I have yoke and throttles, but in my current house, nowhere to set it all up. The big computer is on a side table shelf next to my couch, with the monitor on the coffee table.
This is not that though. This would be like the old mineral oil PCs, where you submerge the entire thing. You then pump that fluid through a colder place to get sub-ambient, in this case, the ice chest.
You can’t do that with distilled water for any length of time, and the water cooling you are talking about will, at best, get you to ambient temp. Going below ambient (eg putting your rad in an ice chest) will result in condensation and bad things happening.
ALSO! Don’t use distilled water in a loop. https://www.youtube.com/watch?v=7pIpKetQlZs
For every video that says not to use distilled water, you can find one (or a dozen) that says it’s the only thing to use. <shrug> But at the end of the day, distilled water is the main constituent of the vast majority of “cooling fluids” used in computers. Including the multi-million dollar liquid cooled servers I work on as part of my job. The question is what is mixed in with the water. I wouldn’t use it straight, shit will grow in it eventually, you need that algicide, and a bit of lubrication for the pump won’t go amiss either.
This dunking it in a vat nonsense is nothing but a stunt, especially if all you are using to cool it is *ice* – pointless.

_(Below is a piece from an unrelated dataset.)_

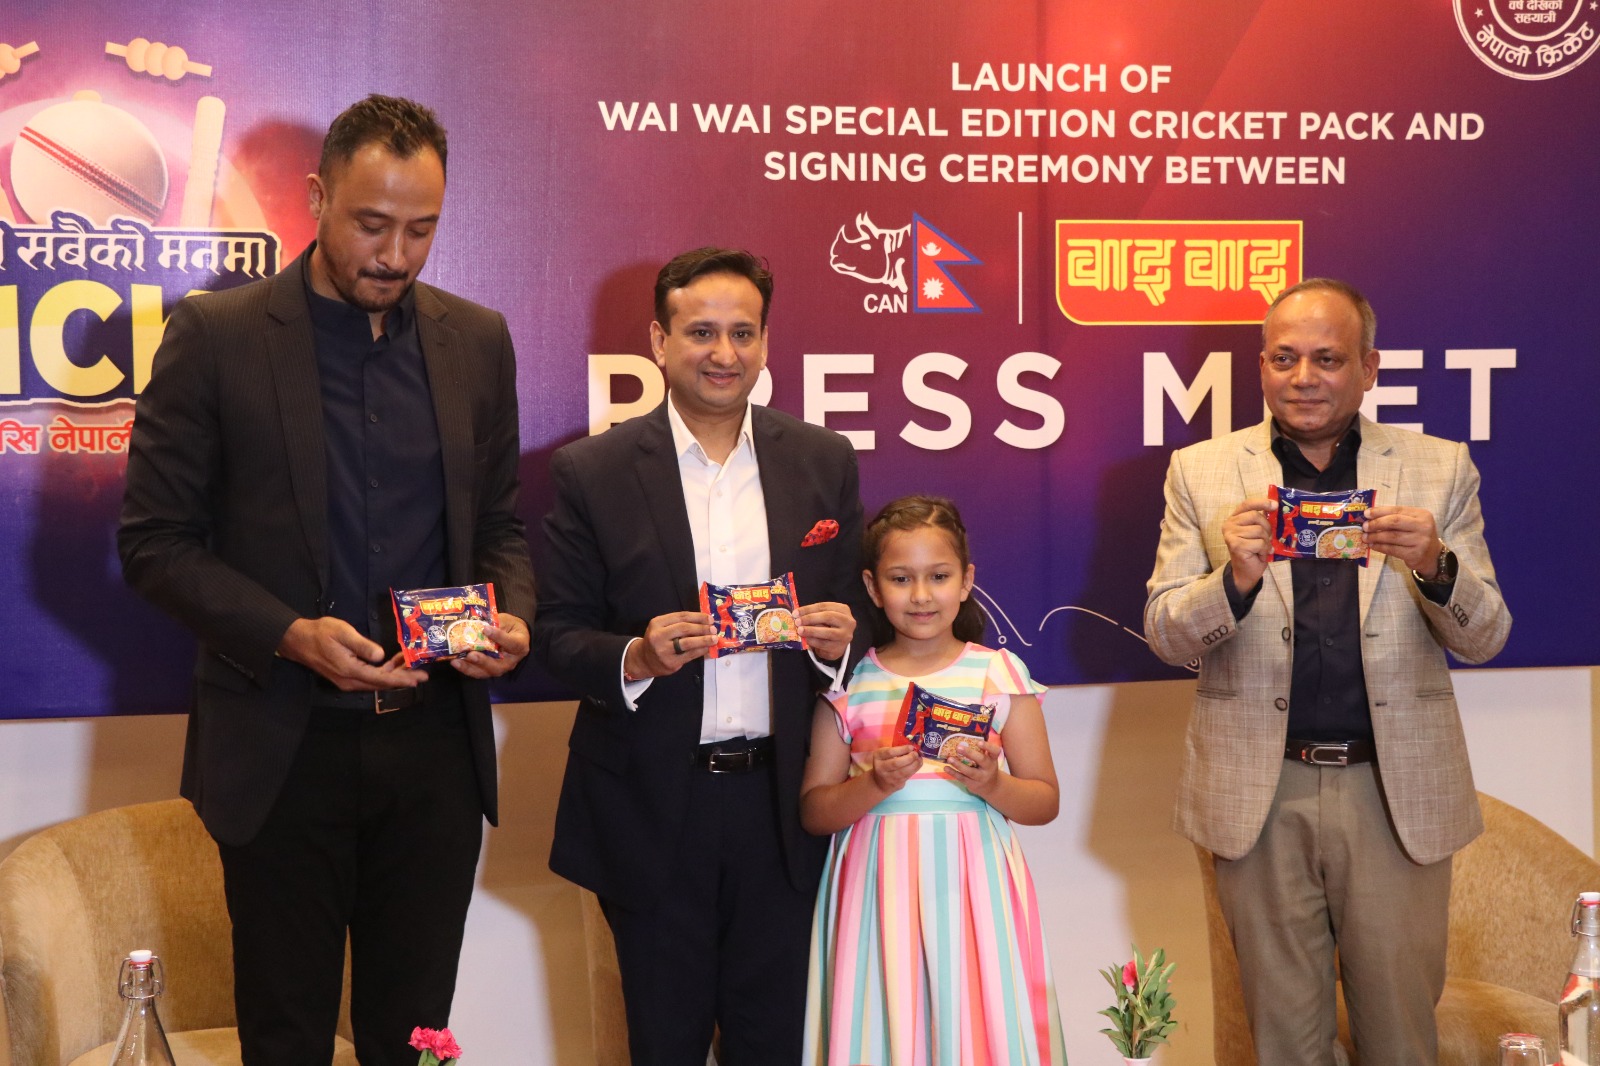 वाइ वाइले ल्यायो ‘क्रिकेट स्पेसल एडिसन प्याकेट’, क्यानलाई ६० लाख रुपैयाँ सहयोग
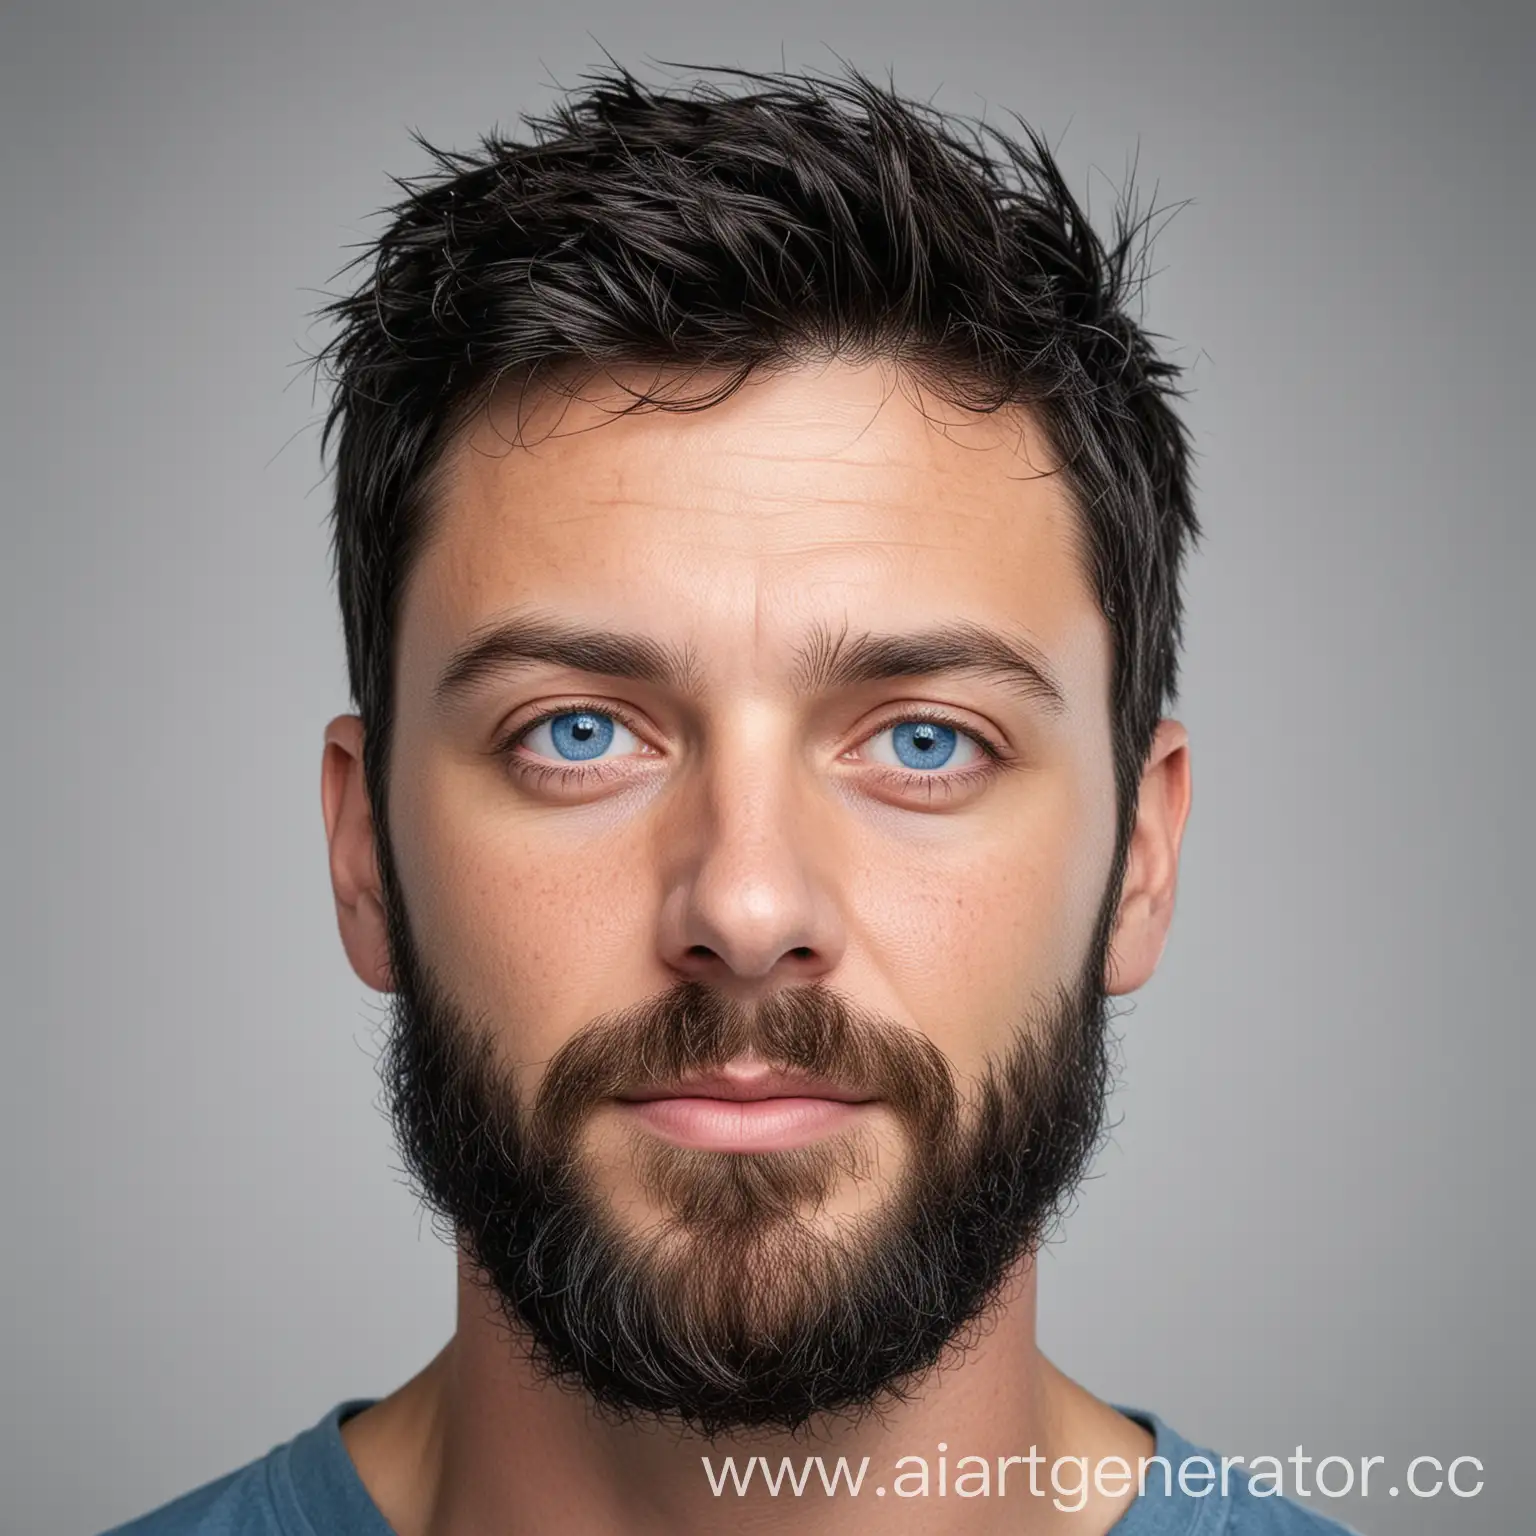 фото человека с белым фоном, мужчина в возрасте 30-40 лет, европейской внешности, черные волосы, с бородой, голубые глаза

About the only thing nastier to use than ATF would be gear oil for a nice, sulphury reek.
With 128GB of RAM, you must be able to run Teams, Slack, *and* discord without swapping too much.
I’m not sure what the innovation here is besides “A Youtuber did it for the views”. Oil cooled PCs have been around (with a lot better executions) for what like 25 years at least?
But he did it with car parts, so that’s way better.
Mineral oil cooling has been a thing for a while, but as mentioned it tends to wick up any surface and get all over your desk unless your enclosure is water tight.